***** Provided records
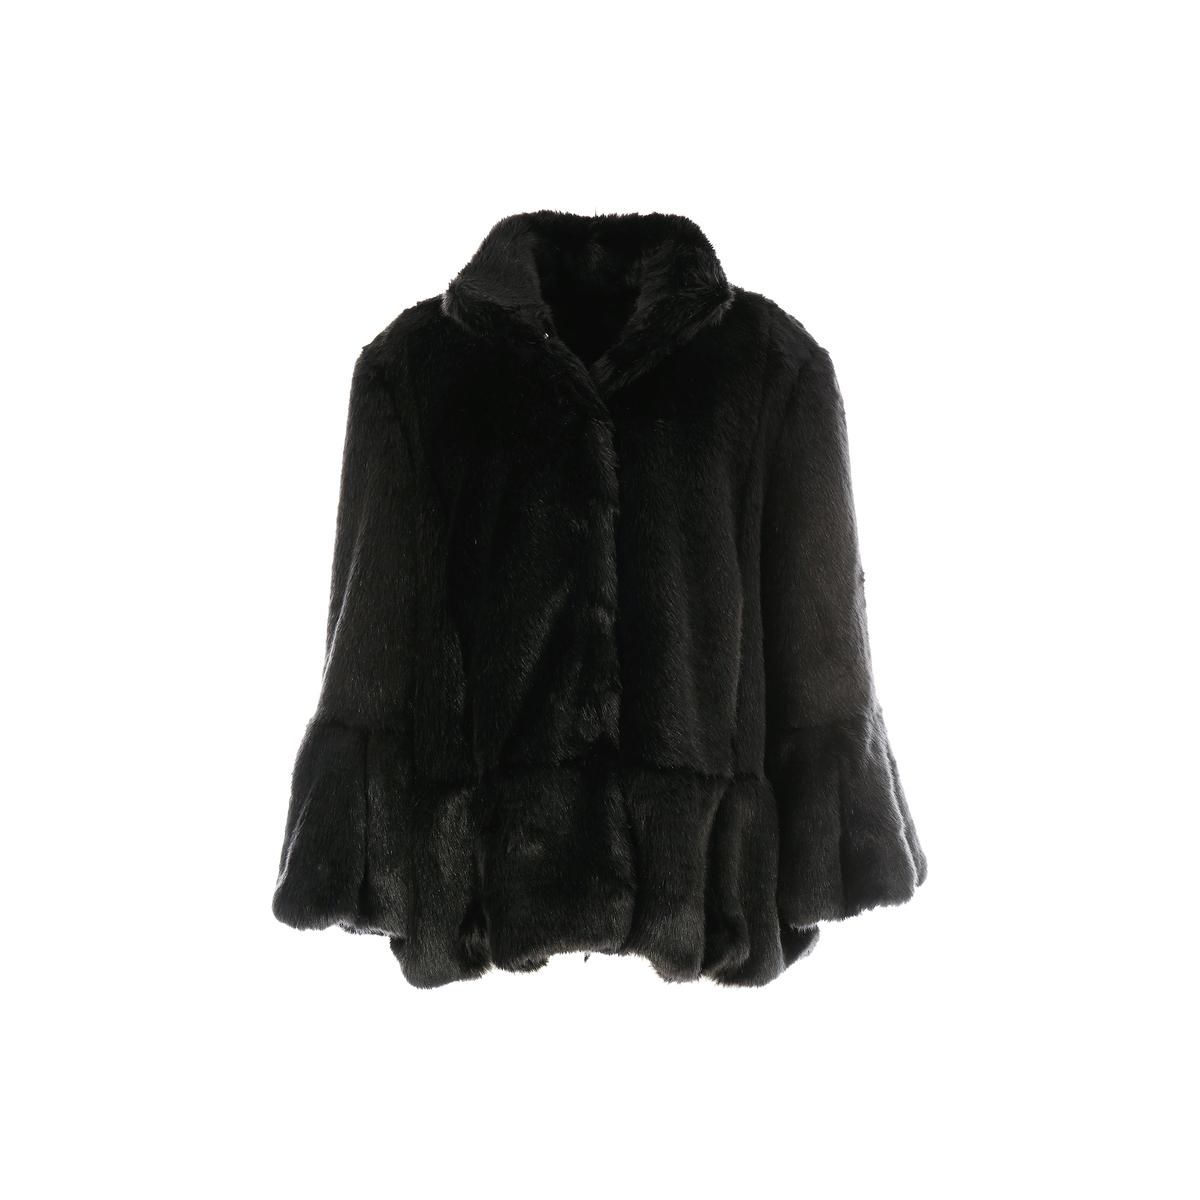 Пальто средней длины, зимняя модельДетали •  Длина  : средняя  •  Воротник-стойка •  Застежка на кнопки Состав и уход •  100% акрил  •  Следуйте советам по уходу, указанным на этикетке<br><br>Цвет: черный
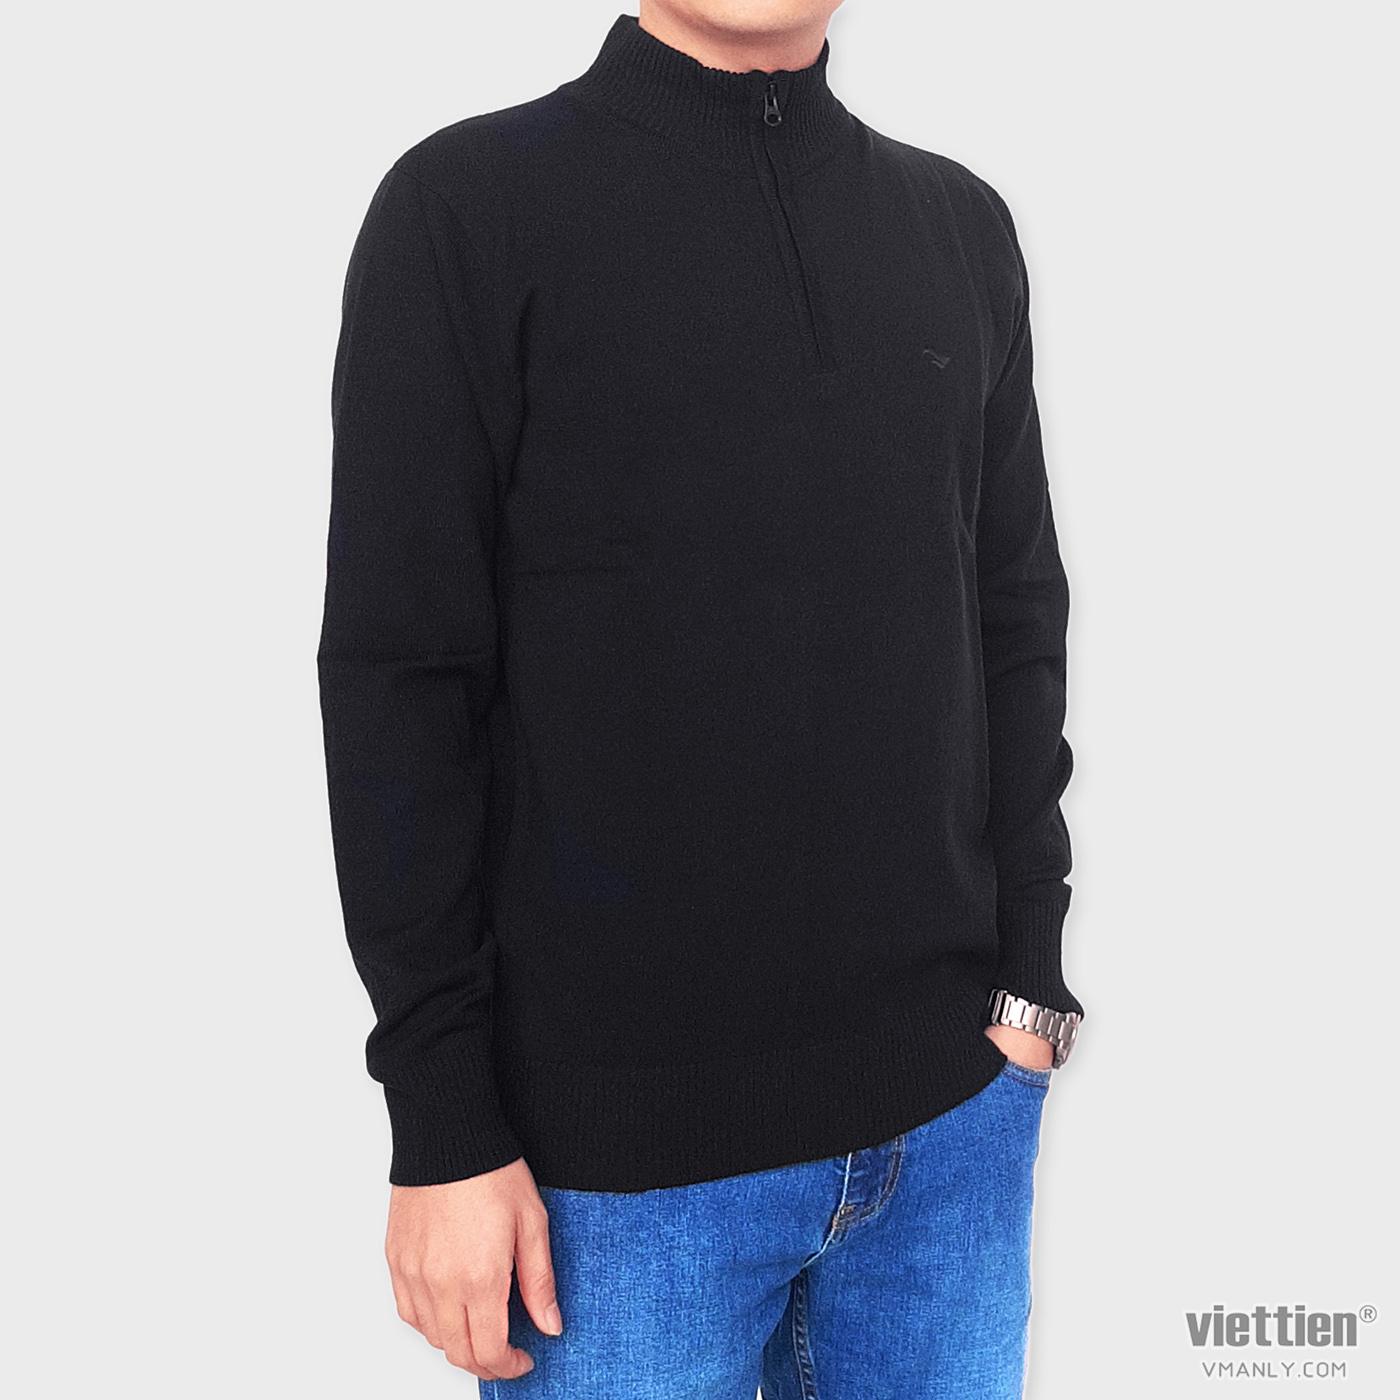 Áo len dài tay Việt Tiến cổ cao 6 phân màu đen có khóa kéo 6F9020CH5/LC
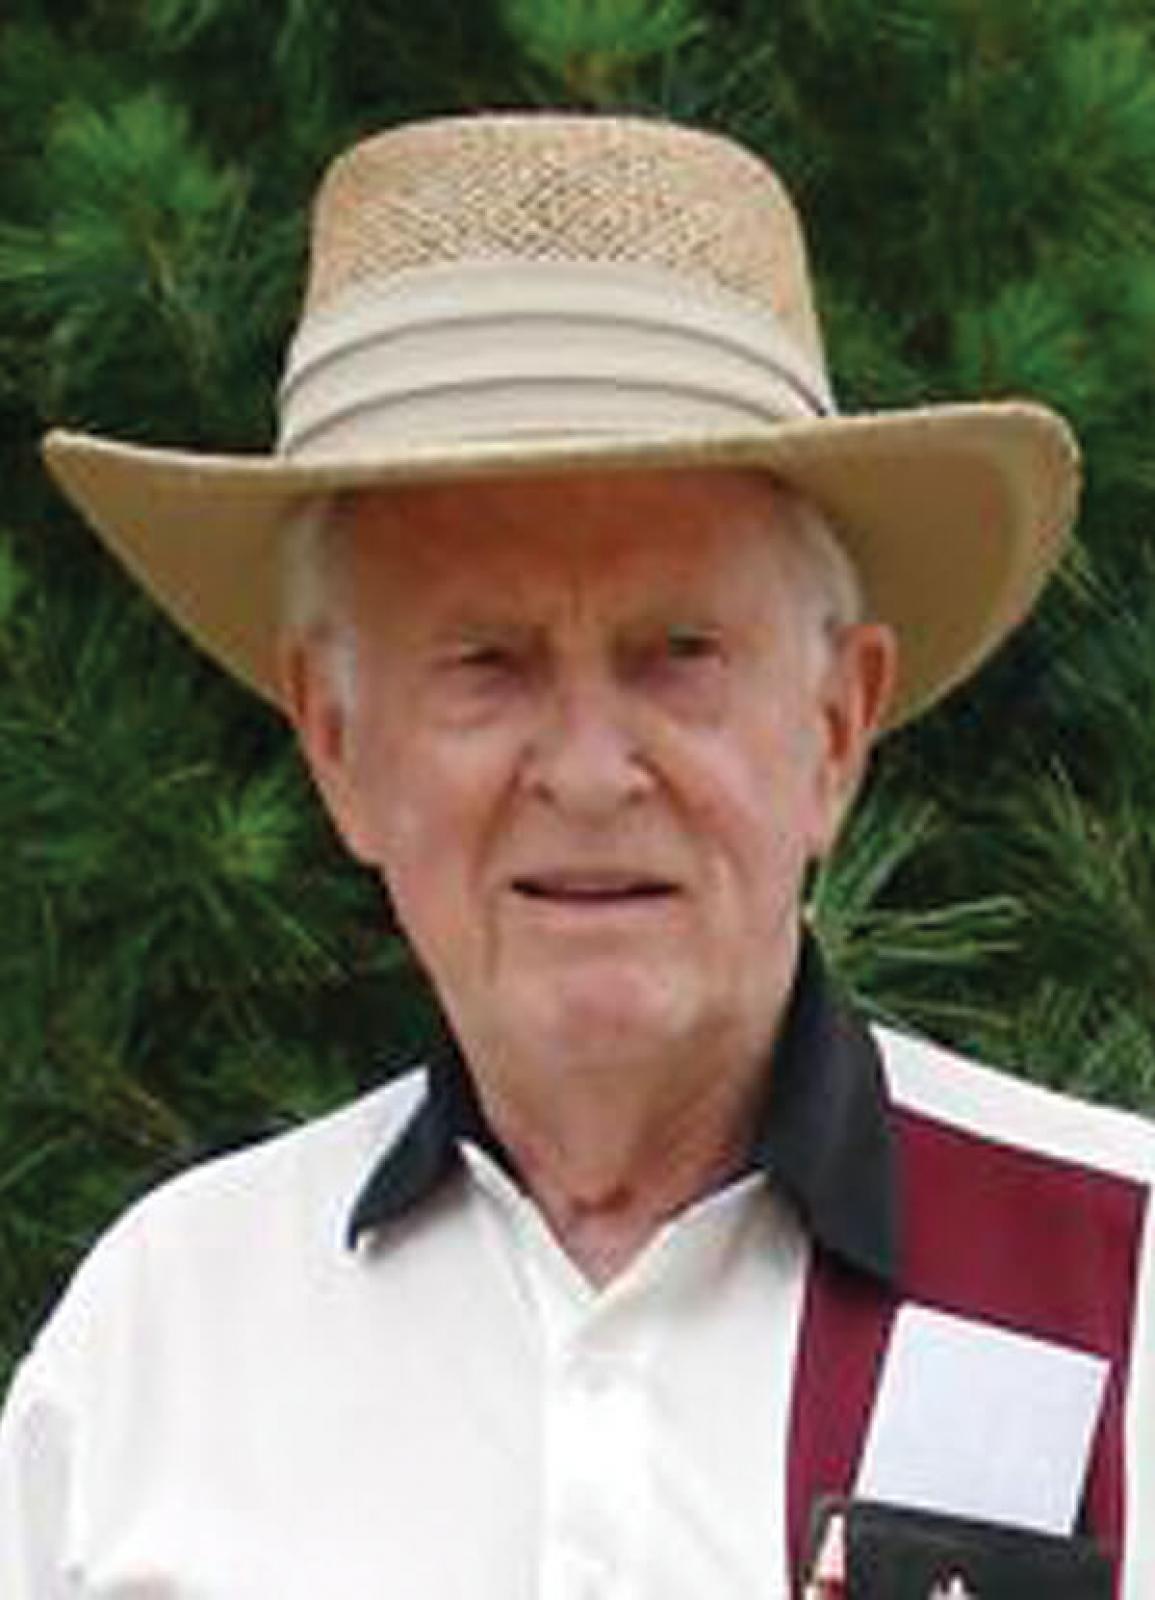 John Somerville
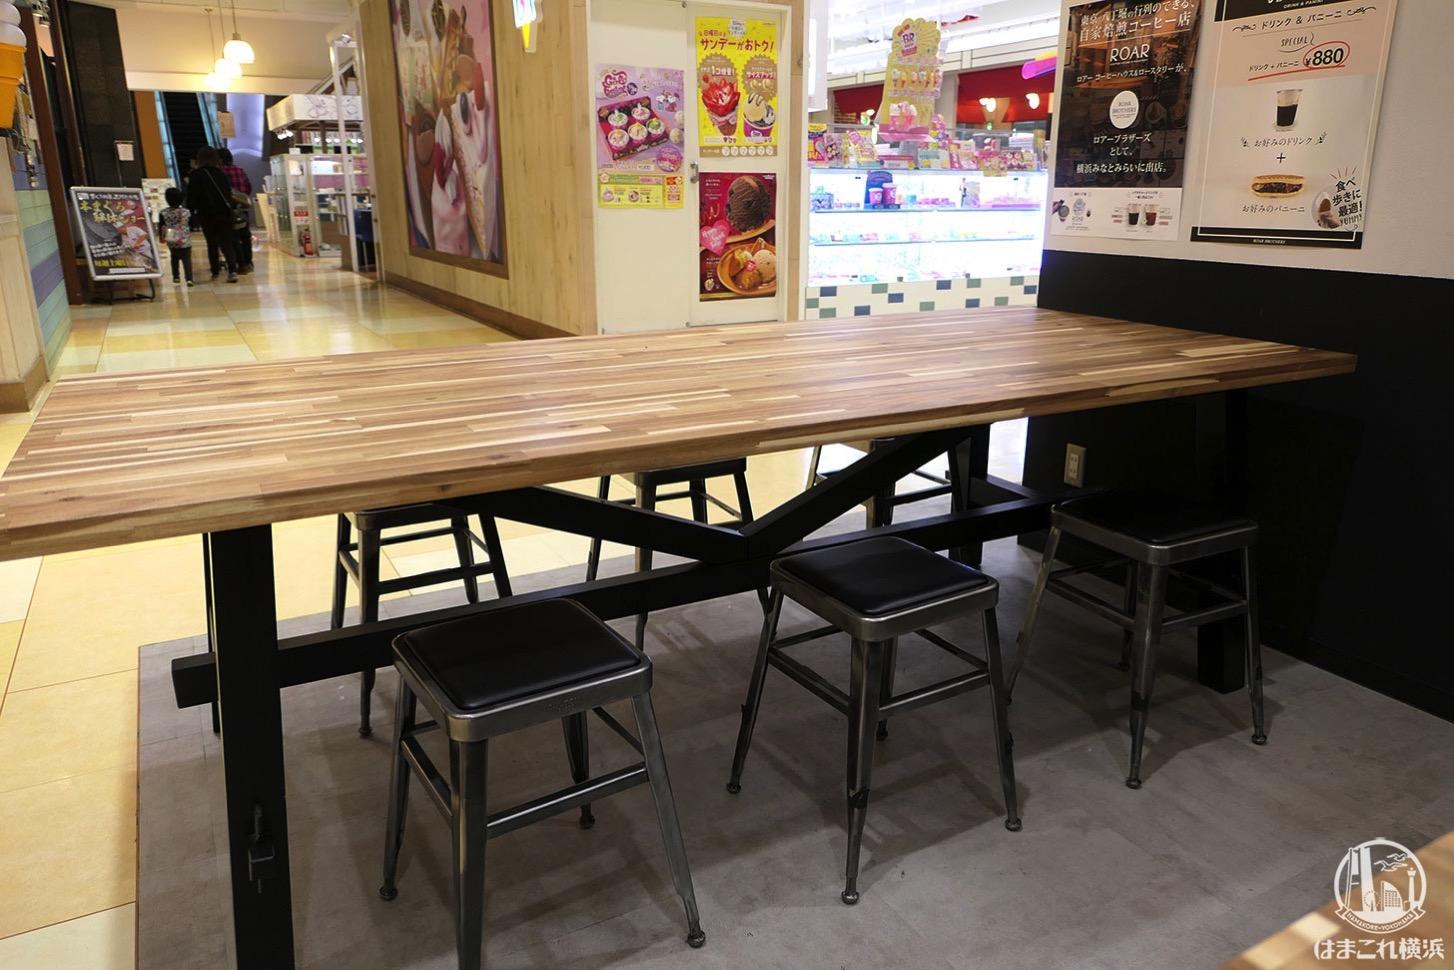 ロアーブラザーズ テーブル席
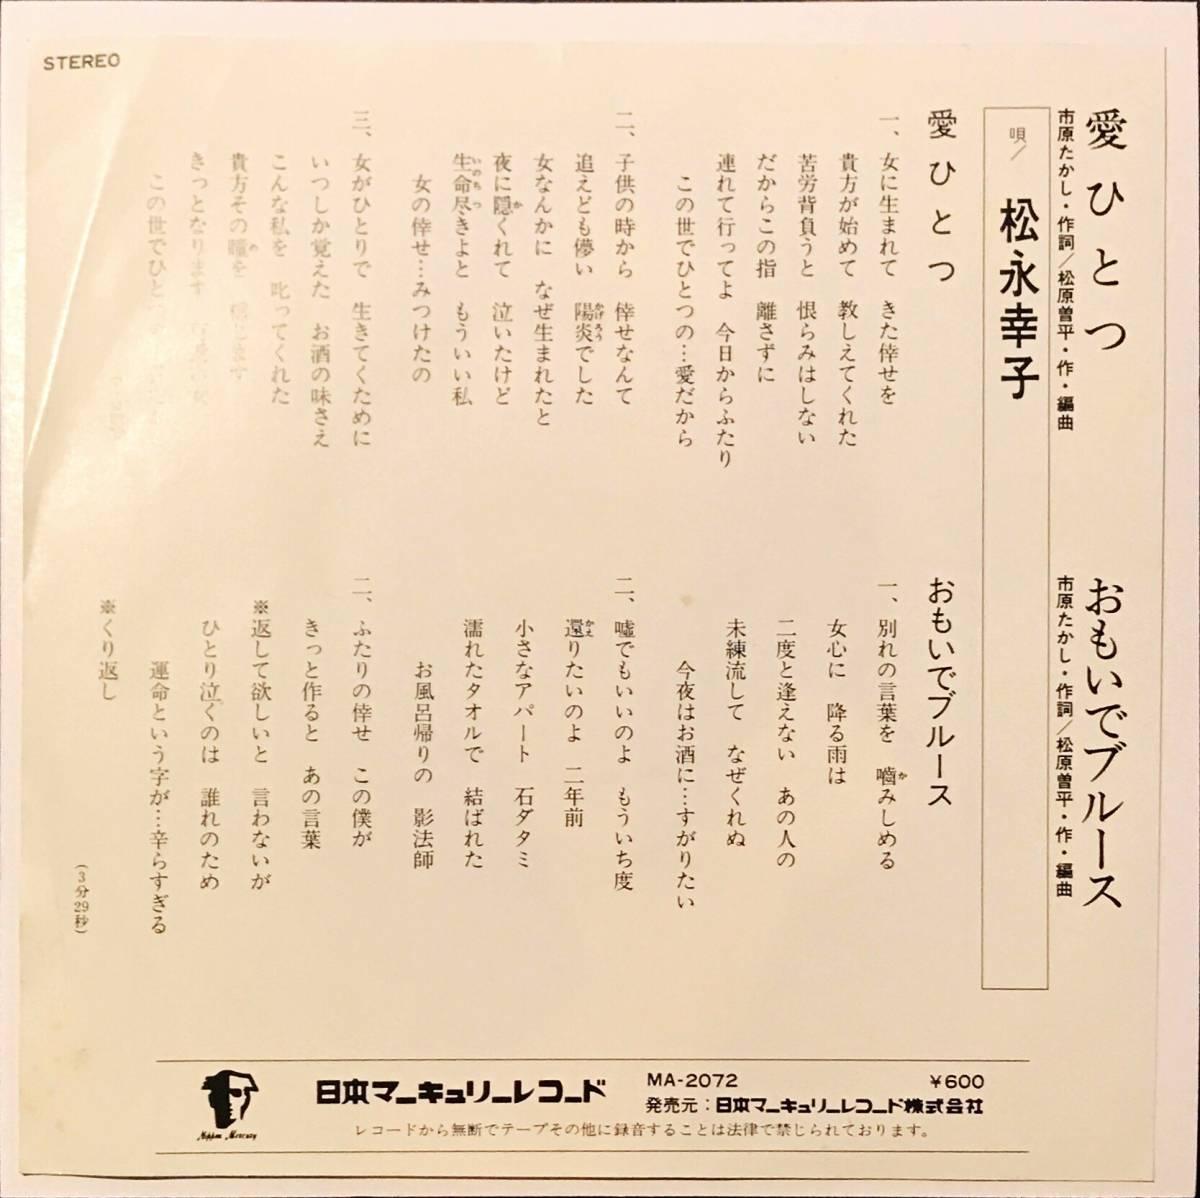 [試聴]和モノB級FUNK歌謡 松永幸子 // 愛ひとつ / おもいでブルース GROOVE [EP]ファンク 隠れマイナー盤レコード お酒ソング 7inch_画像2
**********
* What is required:
I'd like every record above written out again exactly, without the pictures.

* Result of this task:
 Пальто средней длины, зимняя модельДетали •  Длина  : средняя  •  Воротник-стойка •  Застежка на кнопки Состав и уход •  100% акрил  •  Следуйте советам по уходу, указанным на этикетке<br><br>Цвет: черный
 Áo len dài tay Việt Tiến cổ cao 6 phân màu đen có khóa kéo 6F9020CH5/LC
 John Somerville
 ロアーブラザーズ テーブル席
 [試聴]和モノB級FUNK歌謡 松永幸子 // 愛ひとつ / おもいでブルース GROOVE [EP]ファンク 隠れマイナー盤レコード お酒ソング 7inch_画像2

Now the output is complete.